FIGURE 6.35: Feature value contributions for woman 326 in the cervical cancer dataset. With a prediction of 0.43, this woman’s cancer probability is 0.41 above the average prediction of 0.03. The feature value that increased the probability the most is the number of diagnosed STDs. The feature contributions sum up to the difference of actual and average prediction (0.41).

For the bike rental dataset we also train a Random Forest to predict the number of rented bikes for a day given the weather conditions and calendric information. The explanations created for the Random Forest prediction of one specific day:

Feature value contributions for instance 285. With a predicted 2329 rented bikes, this day is -2189 below the average prediction of 4517. The feature values that had the most negative effects were the weather situation, humidity and the time trend (years since 2011). The temperature on that day had a positive effect compared to the average prediction. The feature contributions sum up to the difference of actual and average prediction (-2189).

FIGURE 6.36: Feature value contributions for instance 285. With a predicted 2329 rented bikes, this day is -2189 below the average prediction of 4517. The feature values that had the most negative effects were the weather situation, humidity and the time trend (years since 2011). The temperature on that day had a positive effect compared to the average prediction. The feature contributions sum up to the difference of actual and average prediction (-2189).

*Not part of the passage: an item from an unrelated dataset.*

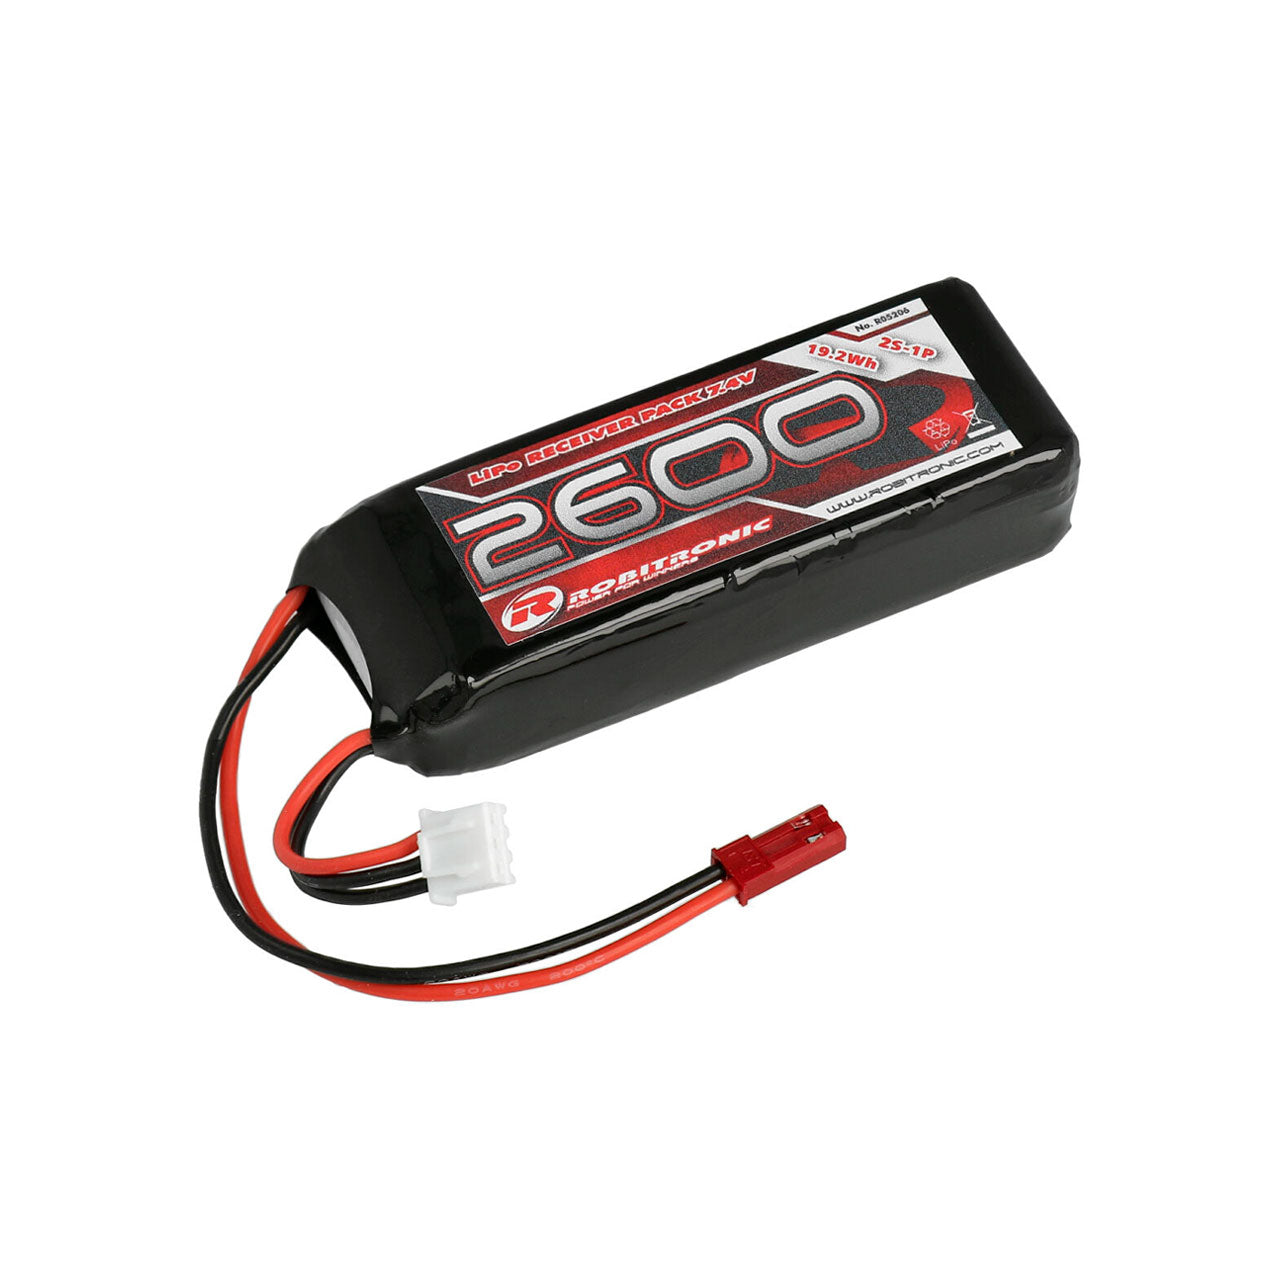 Robitronic LiPo Battery 2600mAh 2S 2/3A Straight for RX (EH)

Be careful to interpret the Shapley value correctly: The Shapley value is the average contribution of a feature value towards the prediction in different coalitions. The Shapley value is NOT the difference in prediction when we would drop the feature from the model.

6.8.3 The Shapley Value in Detail

This Section goes deeper into the definition and computation of the Shapley value for the curious reader. Skip this part straight to ‘Advantages and Disadvantages’ if you are not interested in the technicalities.

We are interested in the effect each feature has on the prediction of a data point. In a linear model it is easy to calculate the individual effects. Here’s how a linear model prediction looks like for one data instance:

\[\hat{f}(x_{i\cdot})=\hat{f}(x_{i1},\ldots,x_{ip})=\beta_0+\beta_{1}x_{i1}+\ldots+\beta_{p}x_{ip}\]

where \(x_{i\cdot}\) is the instance for which we want to compute the feature effects. Each \(x_{ij}\) is a feature value, with \(j\in\{1,\ldots,p\}\). The \(\beta_j\) are the weights corresponding to \(x_{ij}\).

The feature effect \(\phi_{ij}\) of \(x_{ij}\) on the prediction \(\hat{f}(x_{i\cdot})\) is:

\[\phi_{ij}(\hat{f})=\beta_{j}x_{ij}-E(\beta_{j}X_{j})=\beta_{j}x_{ij}-\beta_{j}E(X_{j})\]

where \(E(\beta_jX_{j})\) is the mean effect estimate for feature \(X_{j}\). The effect is the difference between the feature contribution to the equation minus the average contribution. Nice! Now we know how much each feature contributed towards the prediction. If we sum up all the feature effects over all features for one instance, the result is:

\[\sum_{j=1}^{p}\phi_{ij}(\hat{f})=\sum_{j=1}^p(\beta_{j}x_{ij}-E(\beta_{j}X_{j}))=(\beta_0+\sum_{j=1}^p\beta_{j}x_{ij})-(\beta_0+\sum_{j=1}^{p}E(\beta_{j}X_{j}))=\hat{f}(x_{i\cdot})-E(\hat{f}(X))\]

This is the predicted value for the data point \(x_{i\cdot}\) minus the average predicted value. Feature effects \(\phi_{ij}\) can be negative.

Now, can we do the same for any type of model? It would be great to have this as a model-agnostic tool. Since we don’t have the \(\beta\)’s from a linear equation in other model types, we need a different solution.

Help comes from unexpected places: cooperative game theory. The Shapley value is a solution for computing feature effects \(\phi_{ij}(\hat{f})\) for single predictions for any machine learning model \(\hat{f}\).

6.8.3.1 The Shapley Value

The Shapley value is defined via a value function \(val\) over players in S.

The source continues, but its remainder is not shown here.